If a function \( f: X \to Y \) is continuous and a sequence of points \( x_1, x_2, \dots \) in \( X \) converges to a point \( x \), then the sequence of values \( f(x_1), f(x_2), \dots \) will converge to \( f(x) \) in \( Y \).

In other words, a continuous function preserves the convergence of sequences.

If the points \( x_n \) move closer and closer to \( x \), then the values of the function \( f(x_n) \) will similarly approach \( f(x) \).

A practical example

Let’s take the function \( f: \mathbb{R} \to \mathbb{R} \), defined as \( f(x) = 2x \), and the sequence \( x_n = \frac{1}{n} \), where \( n \in \mathbb{N} \).

This sequence \( (x_n) \) converges to \( 0 \) as \( n \to \infty \).

The terms of the sequence are \( x_1 = 1 \), \( x_2 = \frac{1}{2} \), \( x_3 = \frac{1}{3} \), and so on.

It’s clear that \( x_n \) approaches \( 0 \) as \( n \) increases.

Now, let's apply the function \( f \) to each term of the sequence:

$$ f(x_1) = f(1) = 2 $$

$$ f(x_2) = f\left(\frac{1}{2}\right) = 1 $$

$$ f(x_3) = f\left(\frac{1}{3}\right) = \frac{2}{3} $$

$$ ... $$

The new sequence \( f(x_n) = 2x_n \) is \( 2, 1, \frac{2}{3}, \dots \), which converges to \( 0 \).

So, the sequence \( (f(x_n)) \) converges to \( f(0) = 0 \), just as the theorem suggests.

Thus, the continuous function has preserved the convergence of the sequence.

The proof

To prove that \( (f(x_n)) \) converges to \( f(x) \), we need to start from the assumption that \( f \) is continuous and use this property.

Continuity implies that the inverse image of an open set in \( Y \) is also an open set in \( X \).

We’ll use this property to show that, given any neighborhood \( U \) of \( f(x) \), the terms of the sequence \( f(x_n) \) eventually lie within \( U \) for sufficiently large \( n \).

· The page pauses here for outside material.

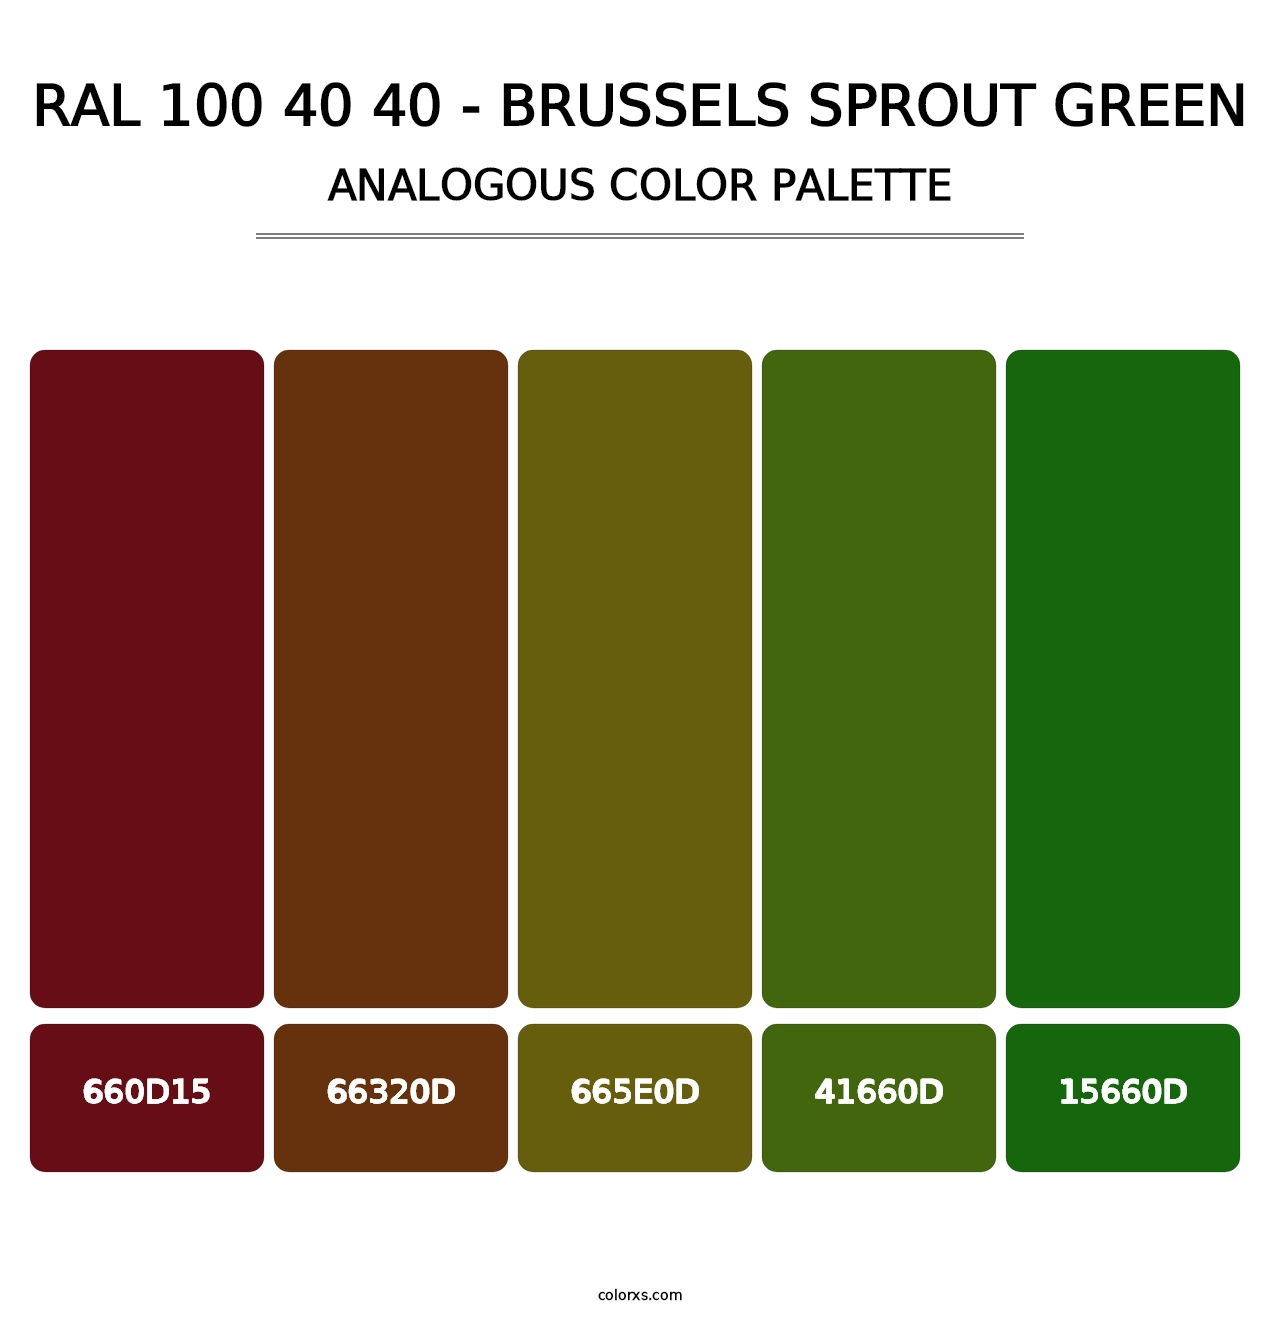 RAL 100 40 40 - Brussels Sprout Green - Analogous Color Palette
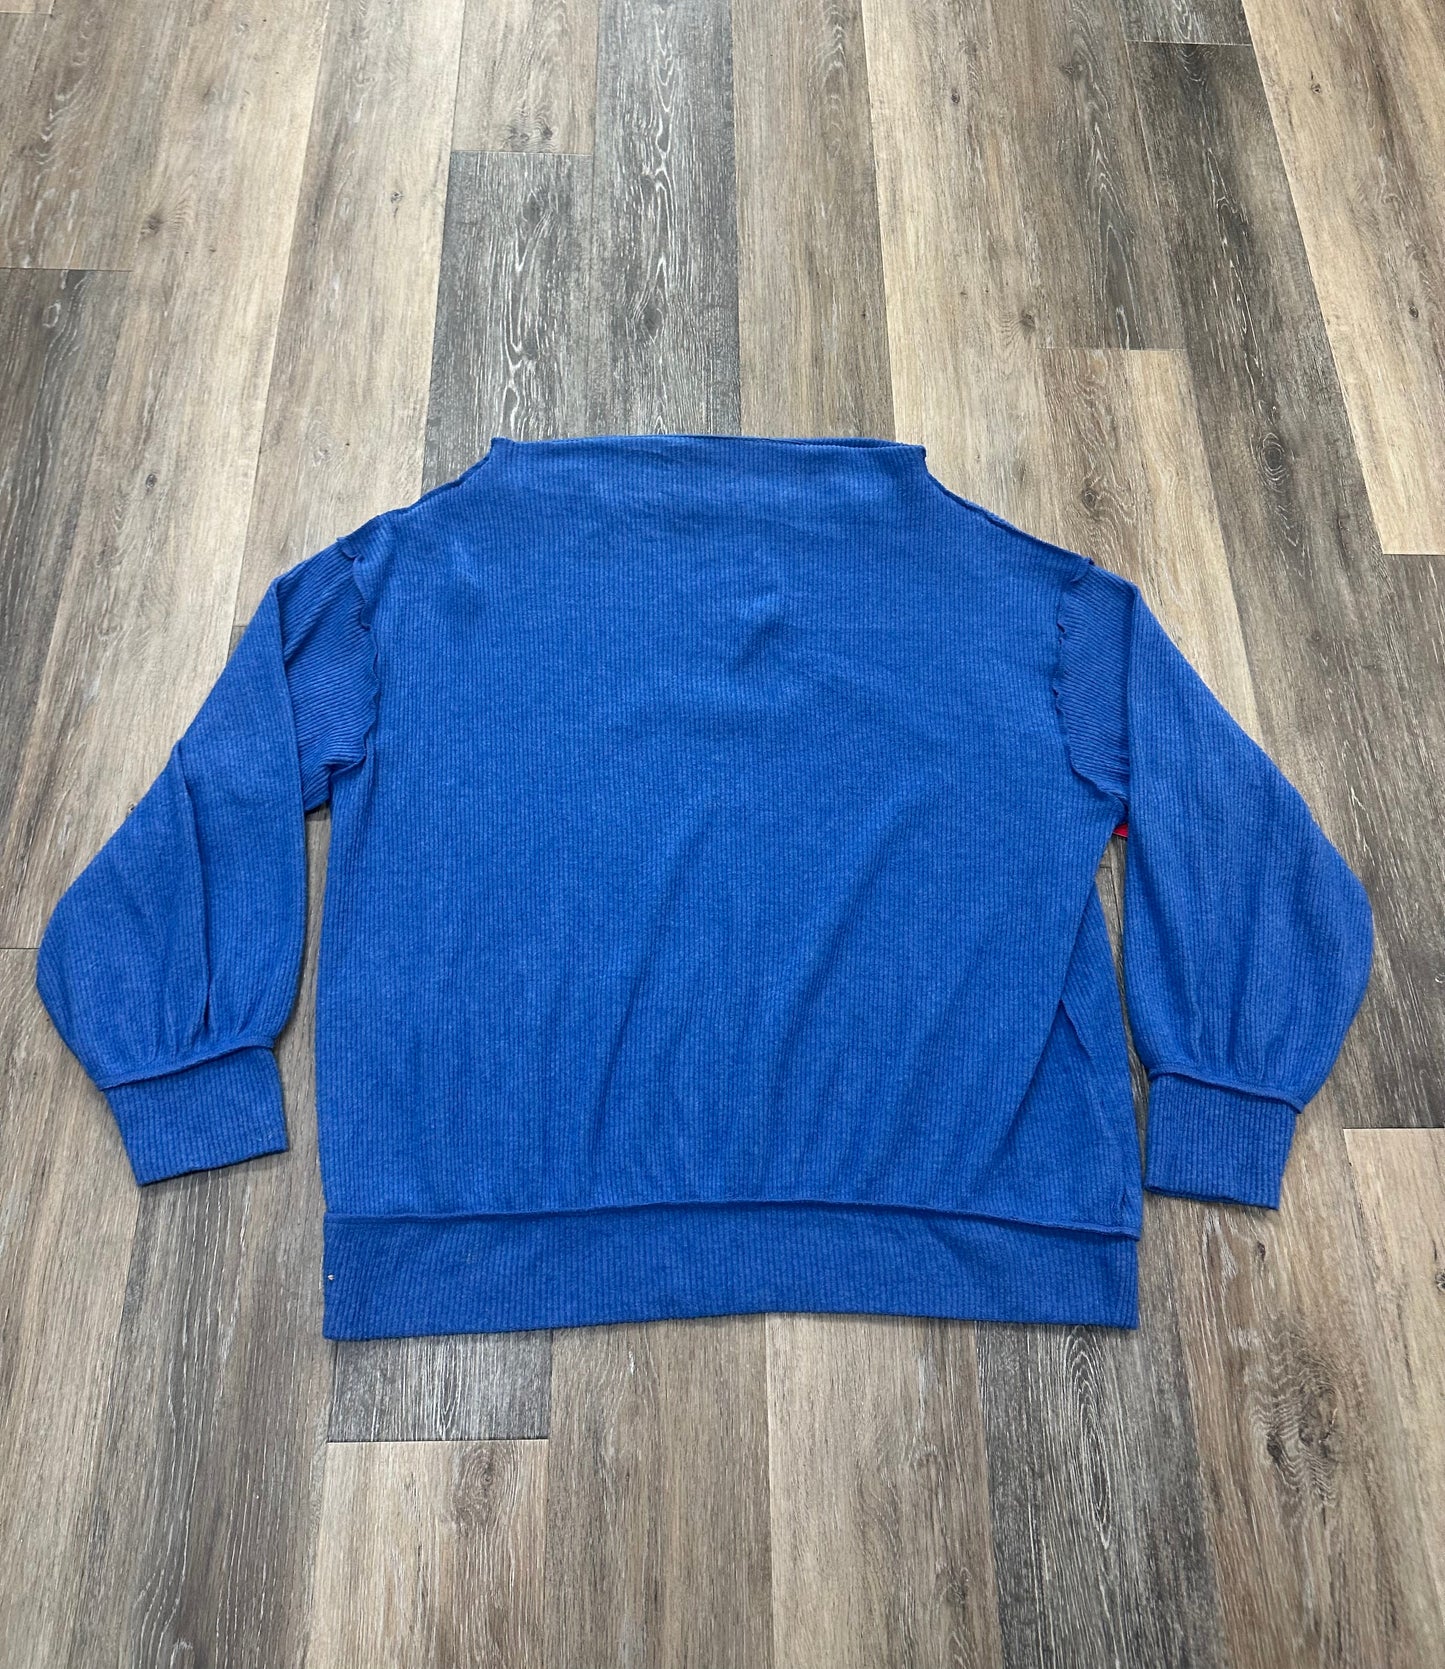 Blue Sweater We The Free, Size L

Step 1: Arbitrary neighborhood of \( f(x) \)

Consider an arbitrary neighborhood \( U \) of \( f(x) \) in \( Y \).

This means that \( U \) is an open set containing \( f(x) \).

The goal is to prove that, for sufficiently large \( n \), the terms of the sequence \( f(x_n) \) will be contained within \( U \).

Step 2: Preimage of \( U \) under \( f \)

Since \( f \) is continuous, we know that the inverse image of \( U \) under \( f \), denoted by \( f^{-1}(U) \), is an open set in \( X \).

This means that every point \( x \) in \( f^{-1}(U) \) has its image under \( f \) in \( U \).

Furthermore, since \( f(x) \in U \), we know that \( x \in f^{-1}(U) \).

Step 3: Sequence \( (x_n) \) converging to \( x \)

By assumption, the sequence \( (x_1, x_2, \dots ) \) in \( X \) converges to \( x \).

This means that, for every neighborhood of \( x \), there exists an index \( N \) such that, for all \( n \geq N \), the terms \( x_n \) of the sequence are contained within that neighborhood.

Since \( f^{-1}(U) \) is an open neighborhood of \( x \), we can apply this definition of convergence to the sequence \( (x_n) \).

Step 4: Existence of \( N \)

Since \( (x_n) \) converges to \( x \), we know that there exists a natural number \( N \) such that for all \( n \geq N \), the terms \( x_n \) are contained within \( f^{-1}(U) \).

This implies that for all \( n \geq N \), we have \( x_n \in f^{-1}(U) \), or equivalently, \( f(x_n) \in U \).

Conclusion

Since \( f(x_n) \in U \) for all \( n \geq N \), we can conclude that the sequence \( (f(x_n)) \) converges to \( f(x) \).

This proves that a continuous function \( f \) preserves the convergence of sequences: if \( (x_n) \) converges to \( x \), then \( (f(x_n)) \) converges to \( f(x) \).

And so on.